PROBLEM DESCRIPTION:
Write the listing out again word for word. Pictures do not belong in the copy.

GIVEN INFORMATION:
· · · · ·

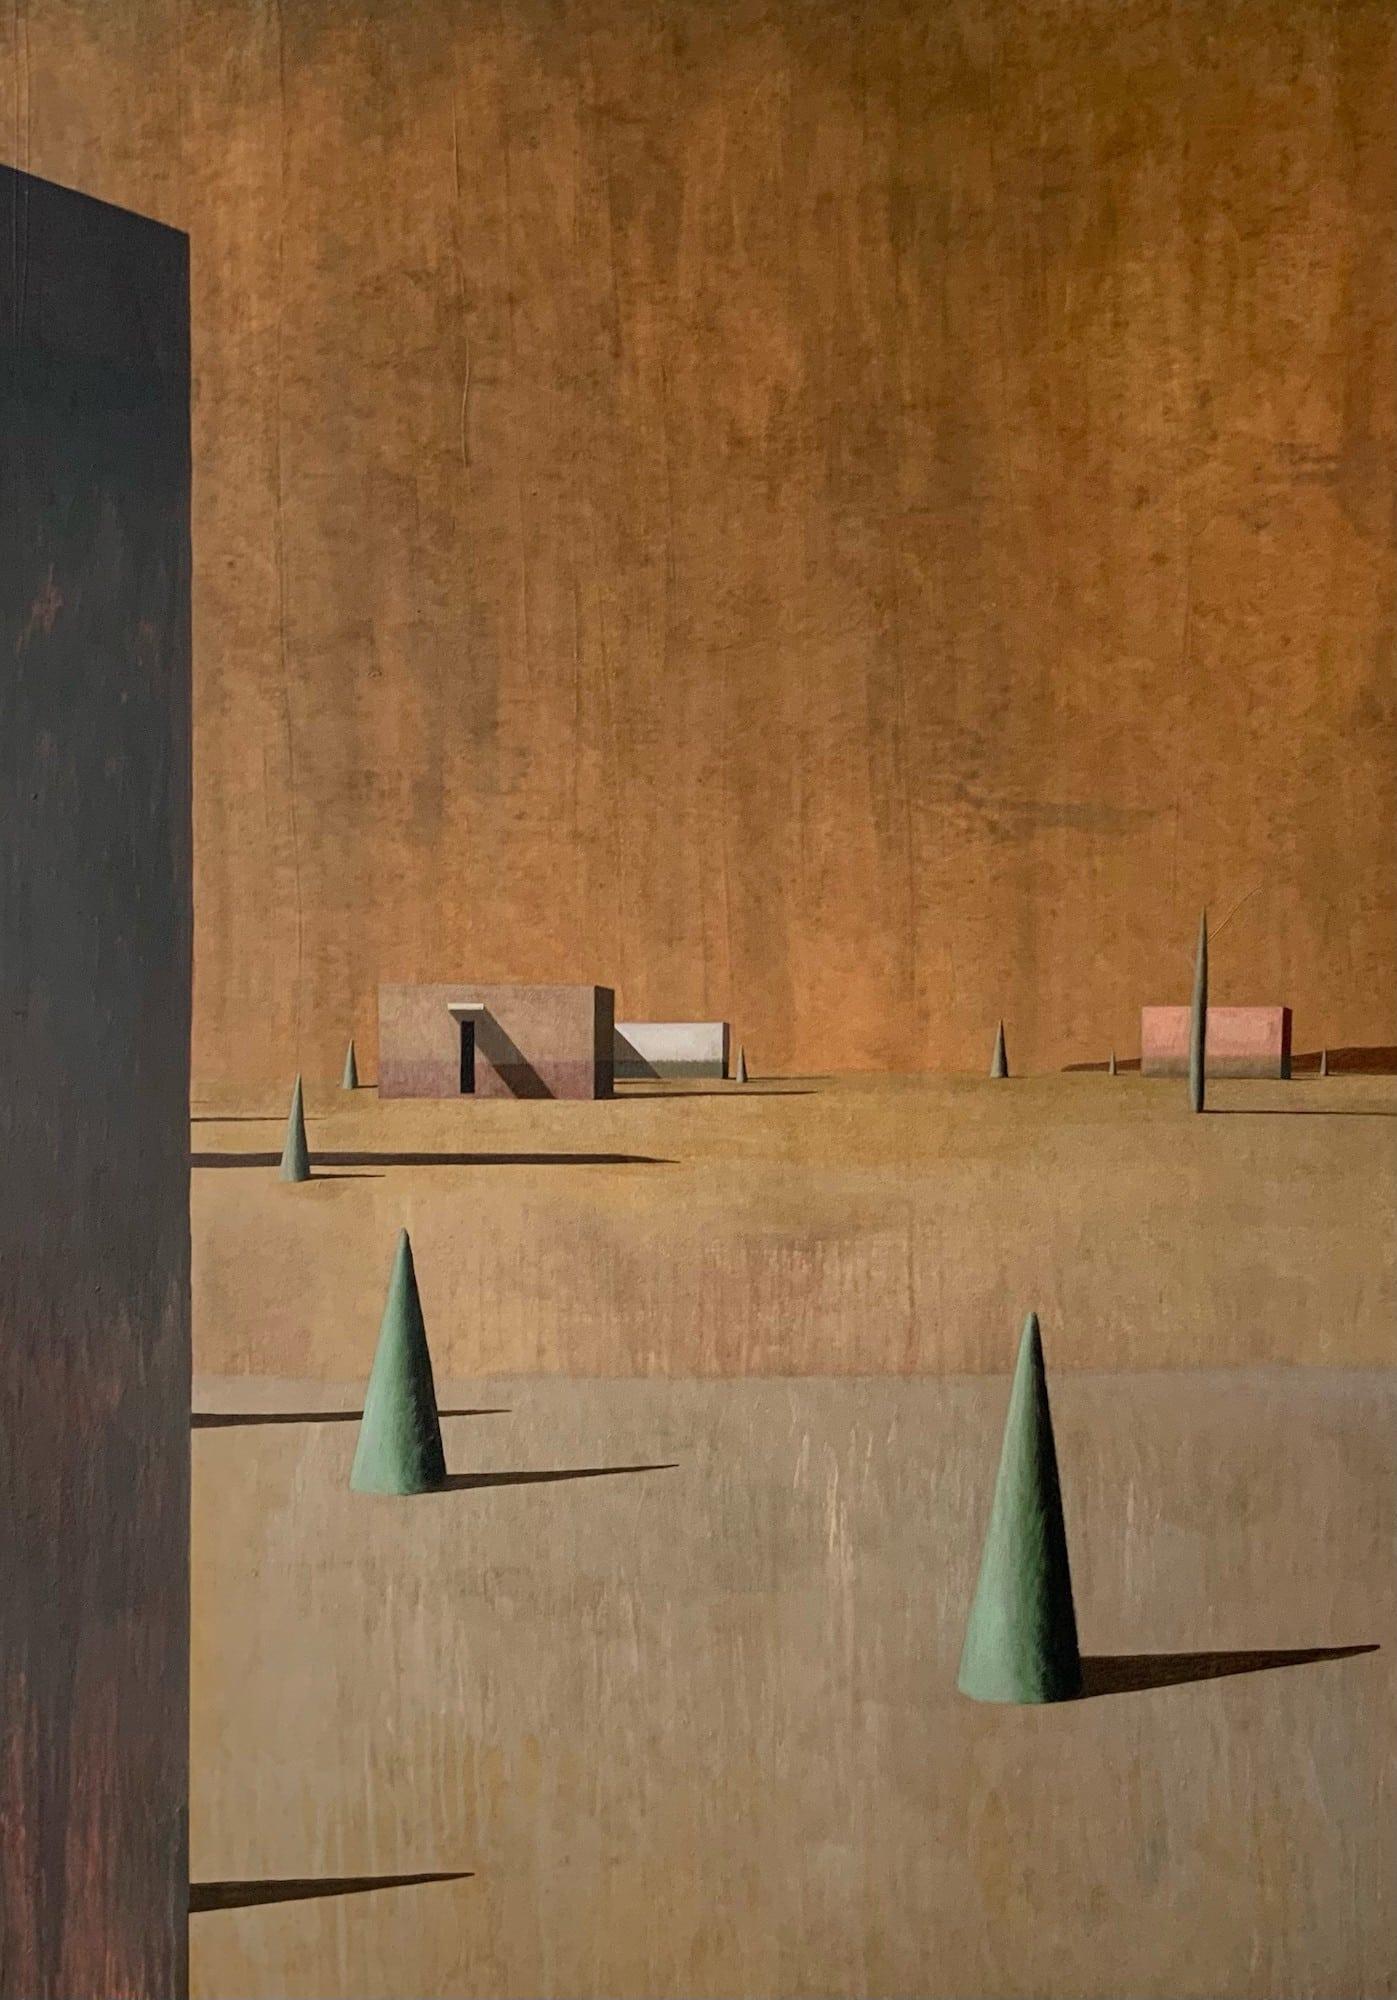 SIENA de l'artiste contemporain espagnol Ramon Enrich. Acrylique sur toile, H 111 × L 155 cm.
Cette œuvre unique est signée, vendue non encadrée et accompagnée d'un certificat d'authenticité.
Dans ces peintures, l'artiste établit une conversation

· · · · ·

RESPONSE TO THE TASK:
 SIENA de l'artiste contemporain espagnol Ramon Enrich. Acrylique sur toile, H 111 × L 155 cm.
Cette œuvre unique est signée, vendue non encadrée et accompagnée d'un certificat d'authenticité.
Dans ces peintures, l'artiste établit une conversation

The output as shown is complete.